§ About this exercise: The required output is the run of lines from the one holding "Oaxaca, Sinaloa y" through the final line of the listing, restated word for word, with no pictures.

§ Recorded information:
════

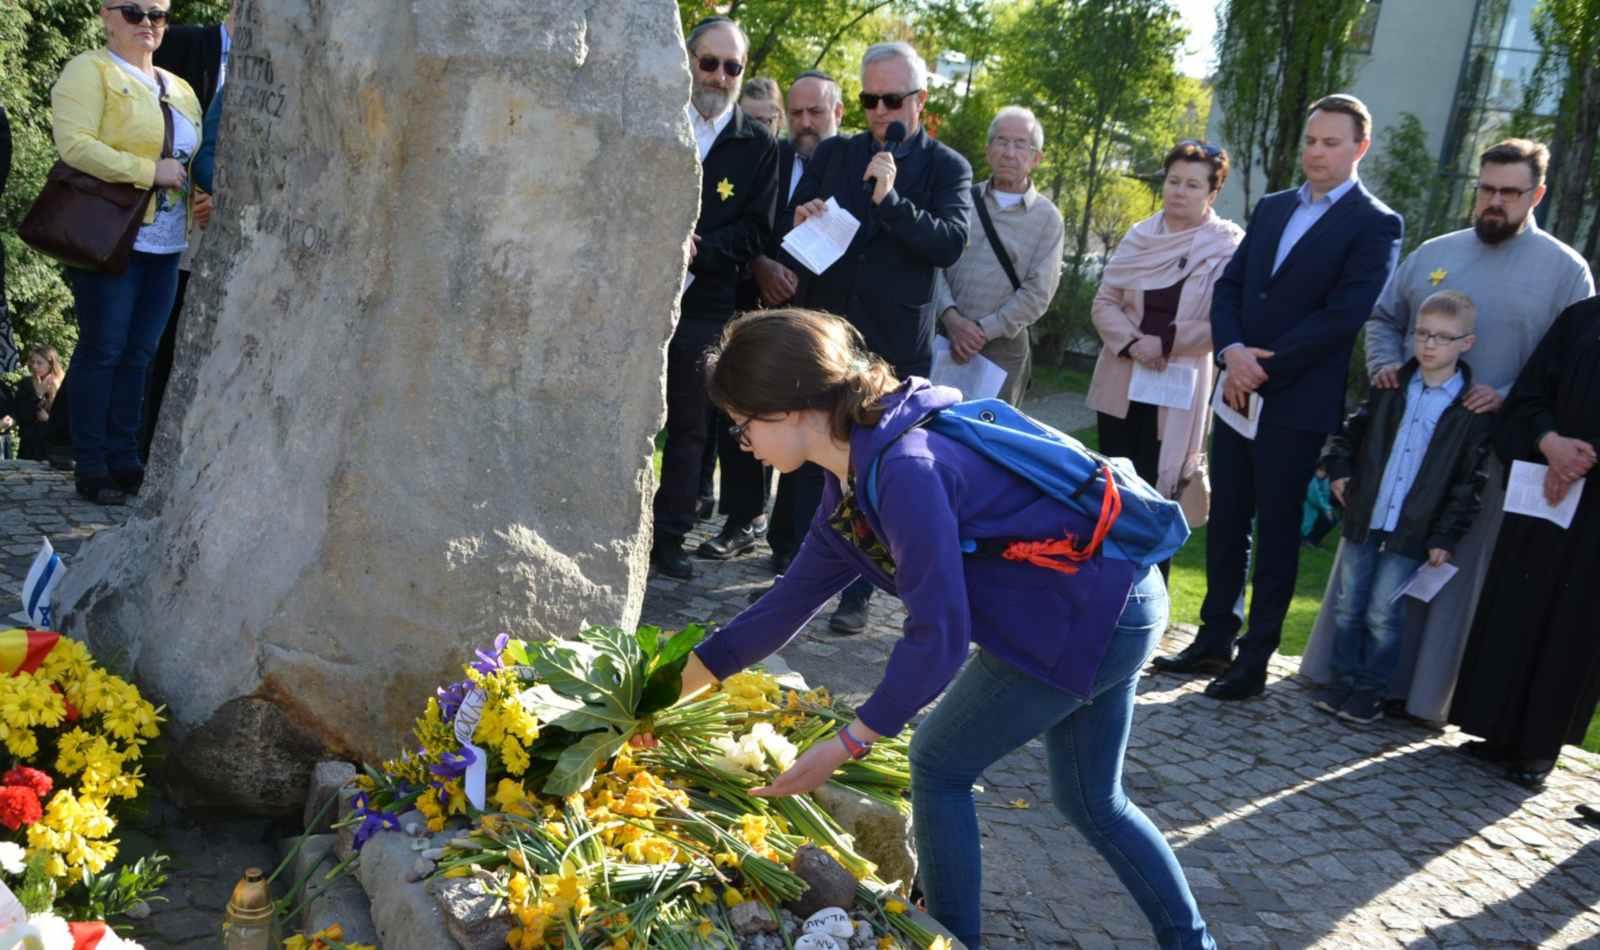 Złożenie kwiatów na Pomniku - Bunkrze przy Miłej 18
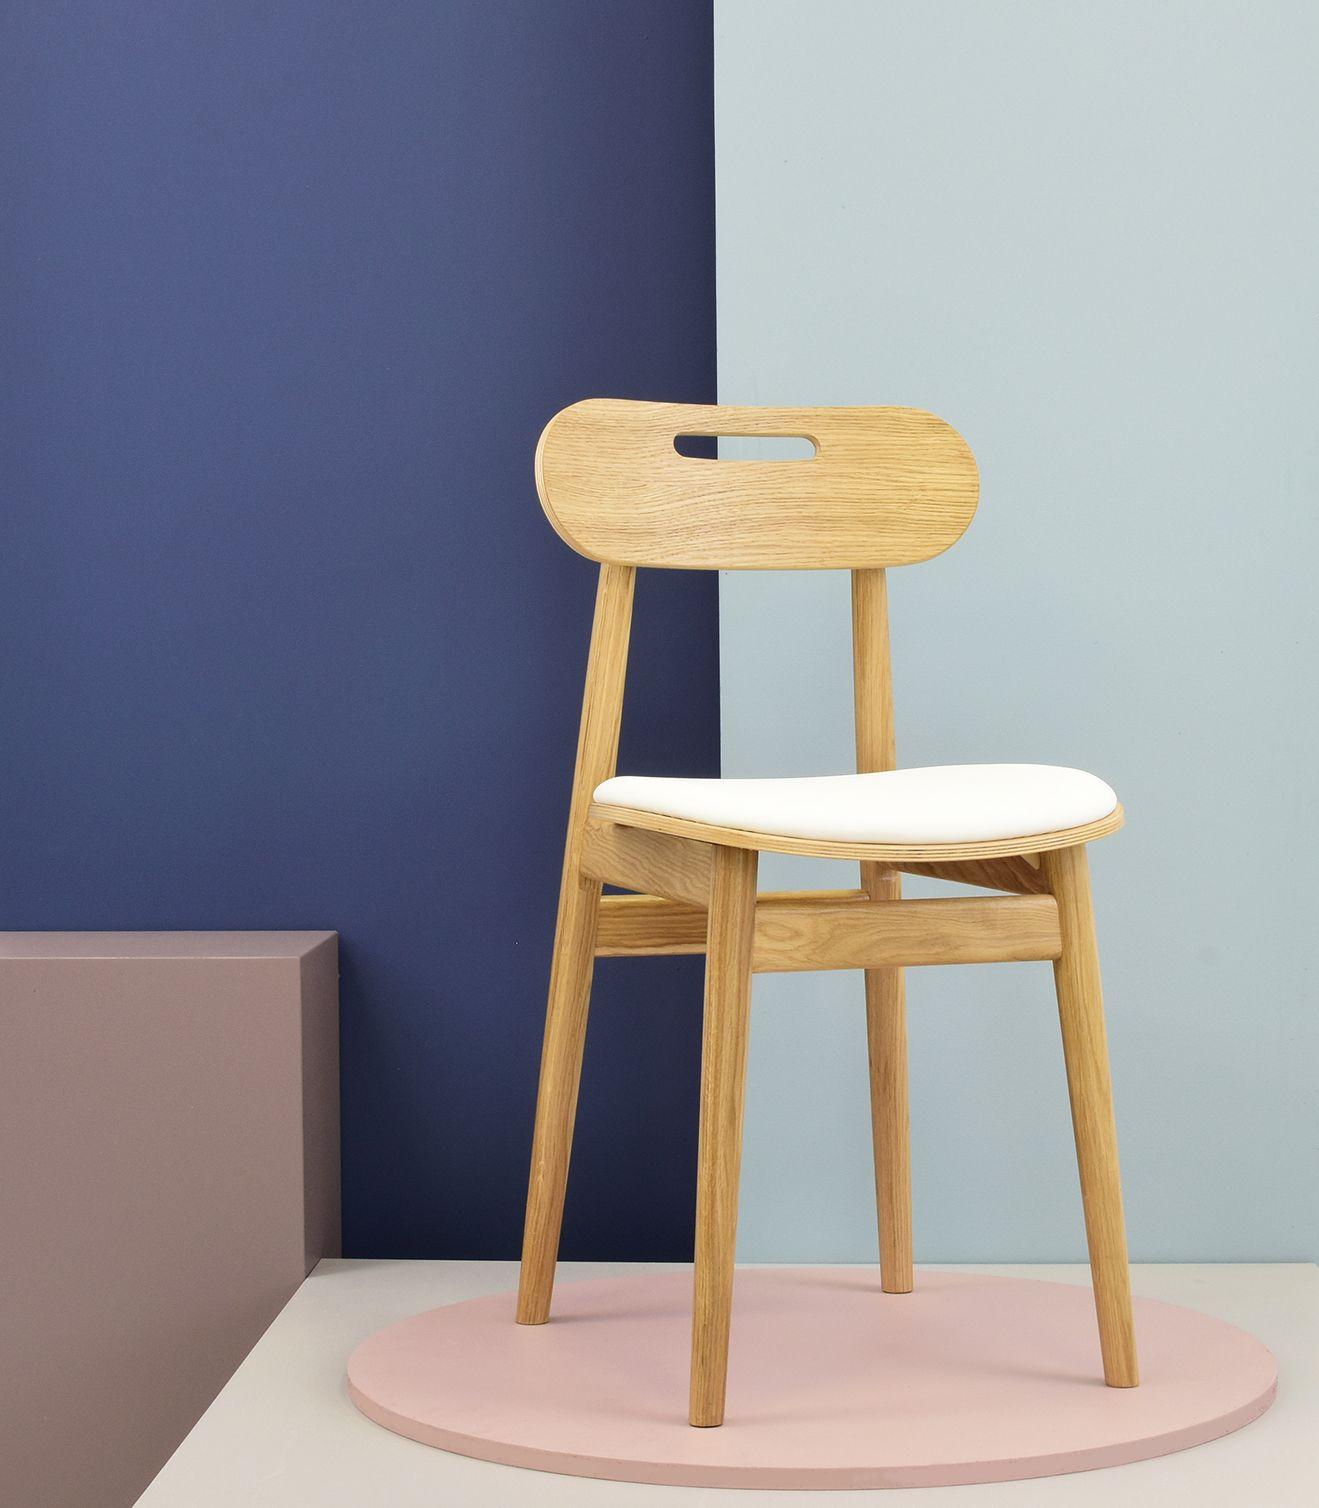 krzeslo drewniane debowe tapicerowane biale
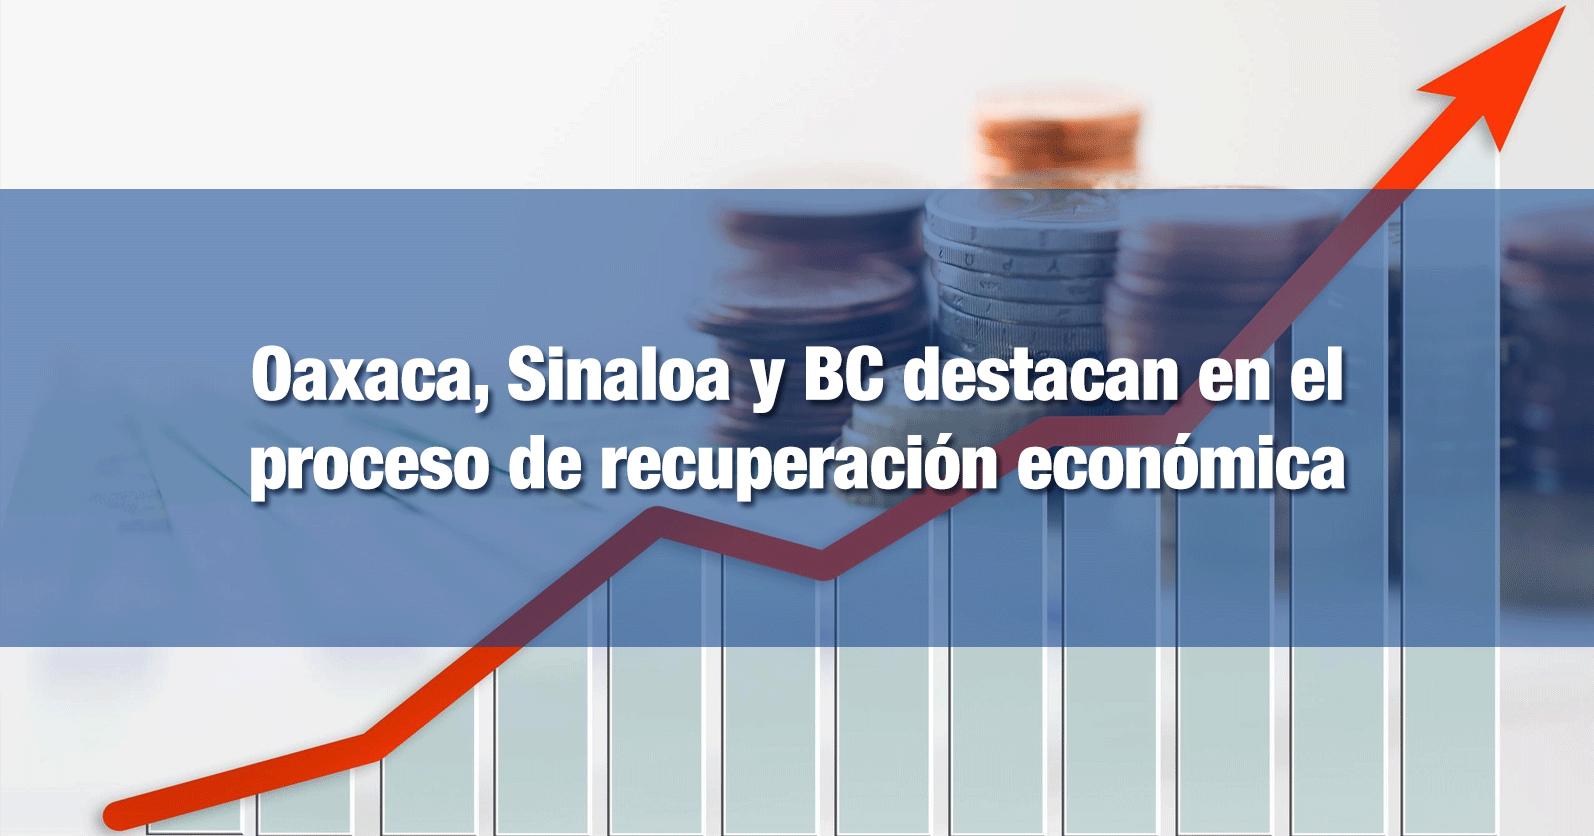 Oaxaca, Sinaloa y BC destacan en el proceso de recuperación económica
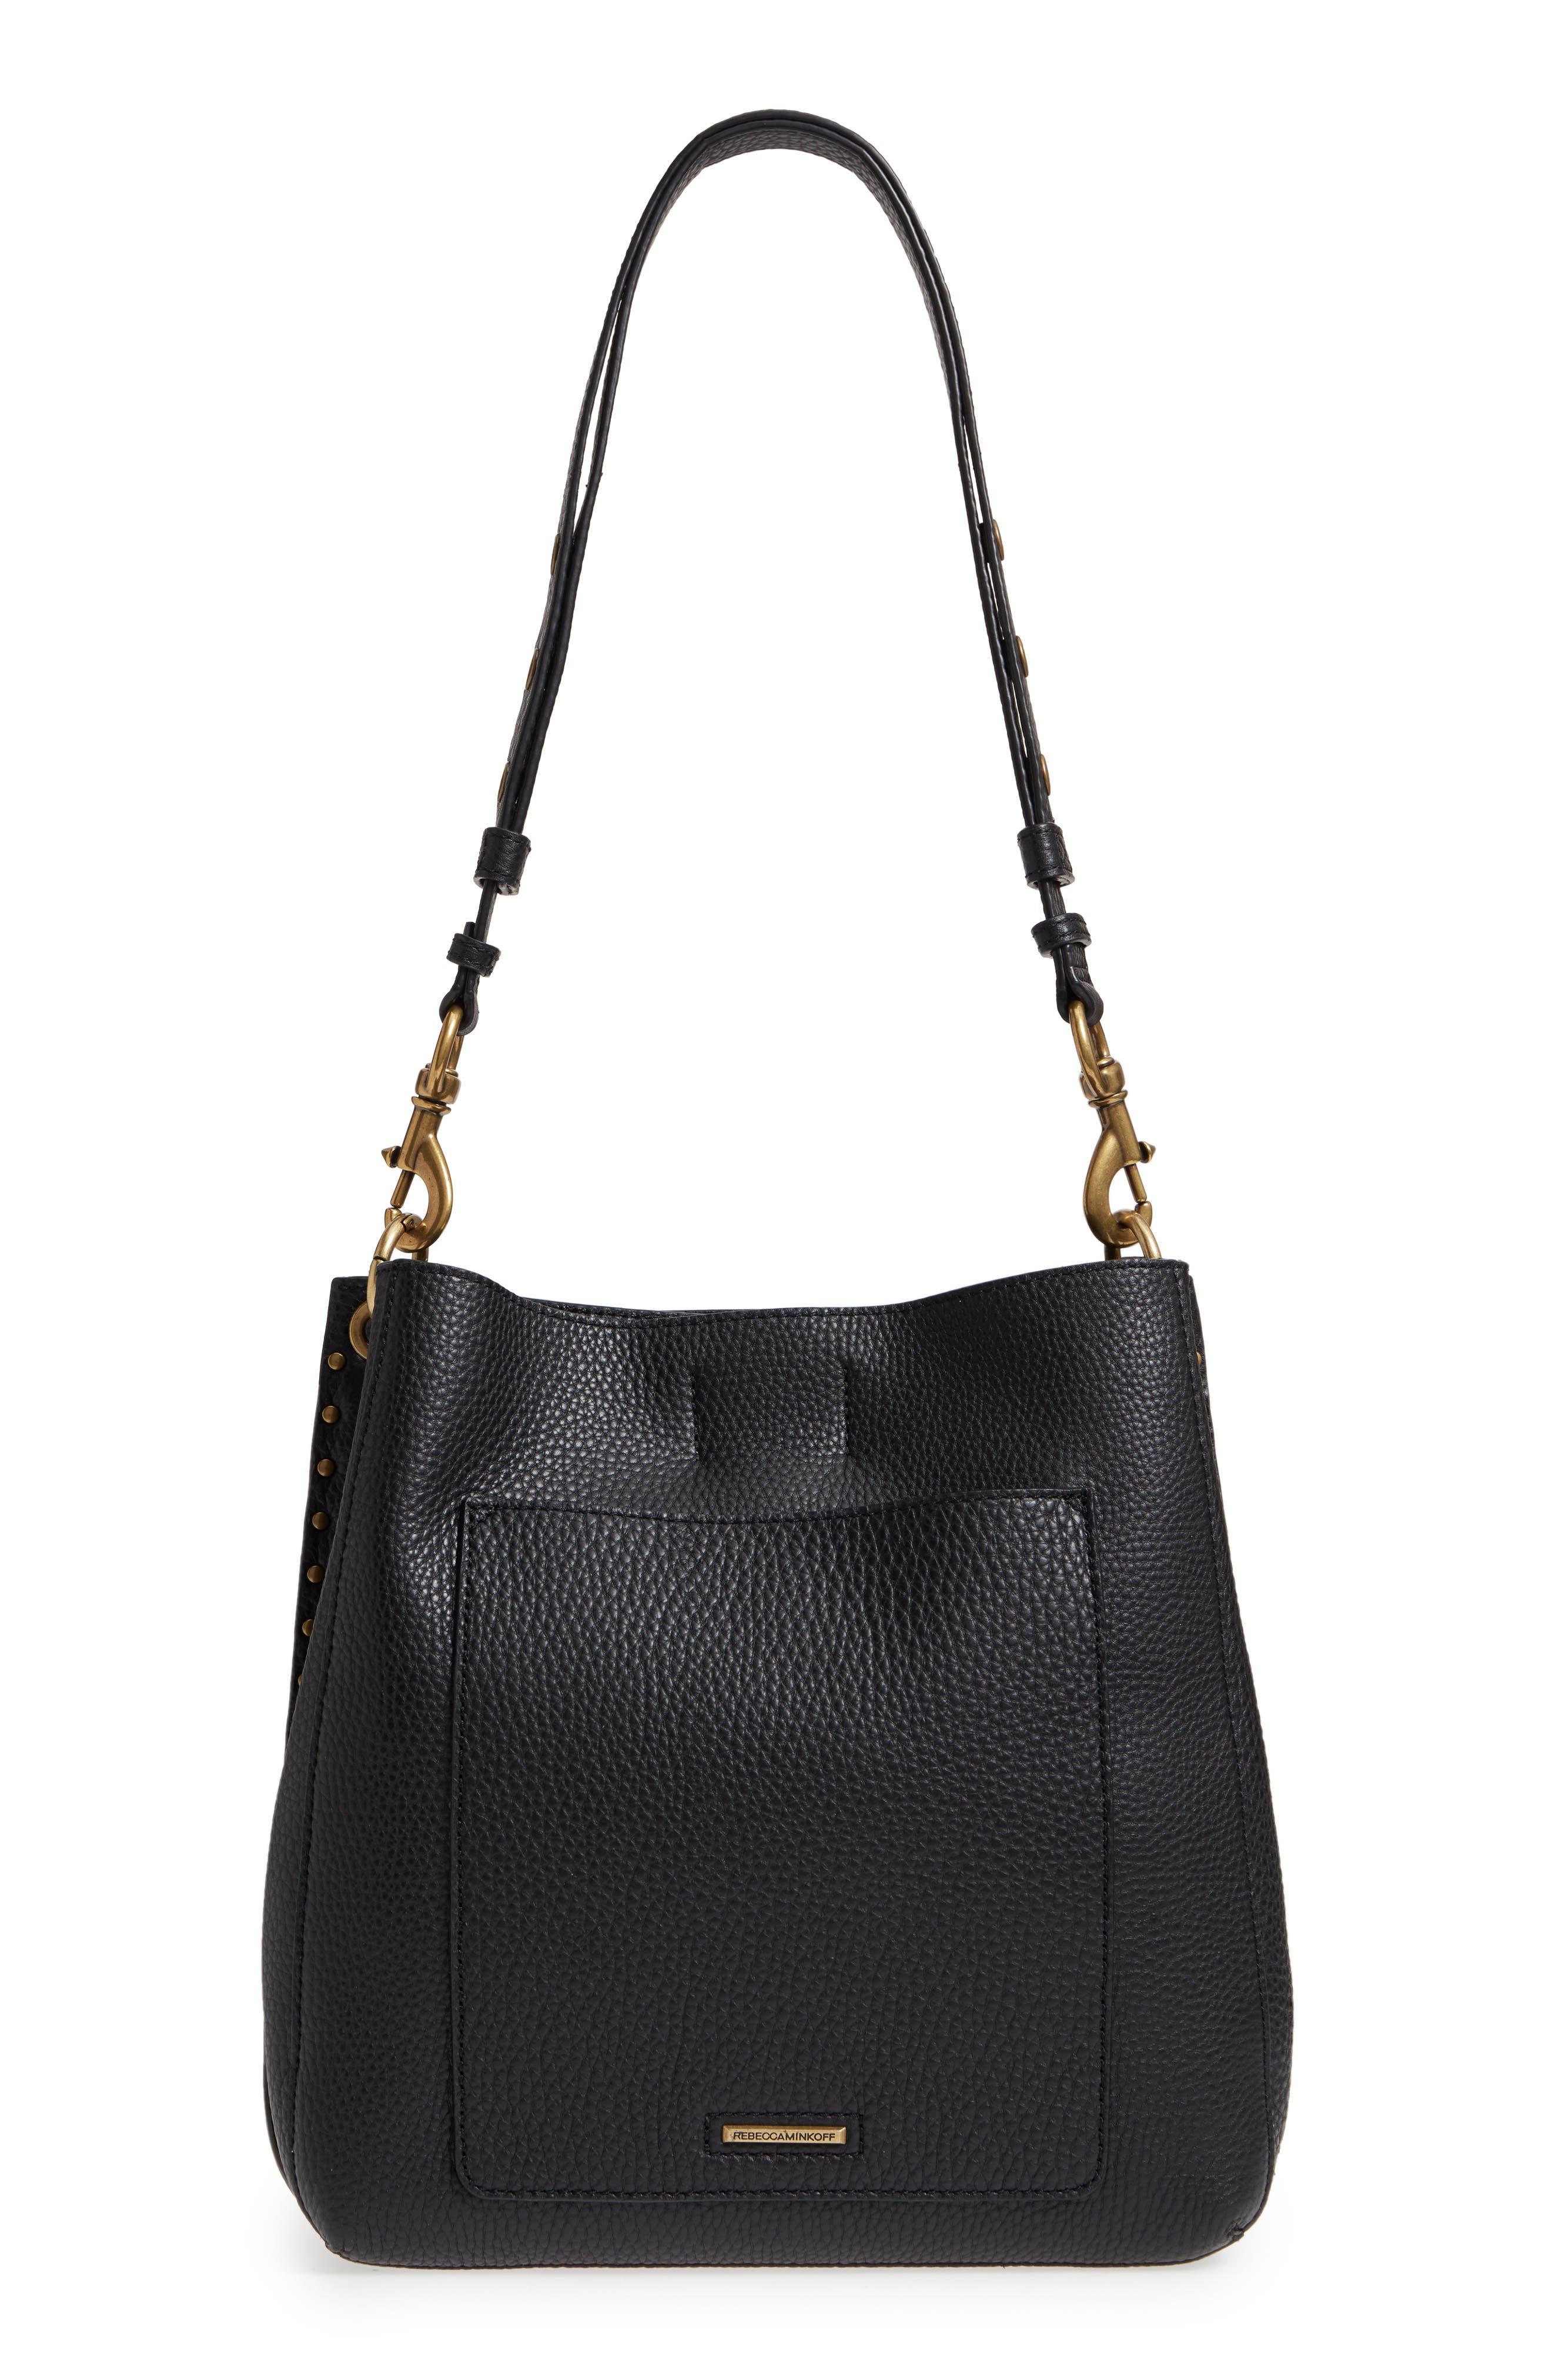 REBECCA MINKOFF, Darren Deerskin Leather Shoulder Bag, Alternate thumbnail 4, color, BLACK

════

§ Problem solution:
 Oaxaca, Sinaloa y BC destacan en el proceso de recuperación económica
 REBECCA MINKOFF, Darren Deerskin Leather Shoulder Bag, Alternate thumbnail 4, color, BLACK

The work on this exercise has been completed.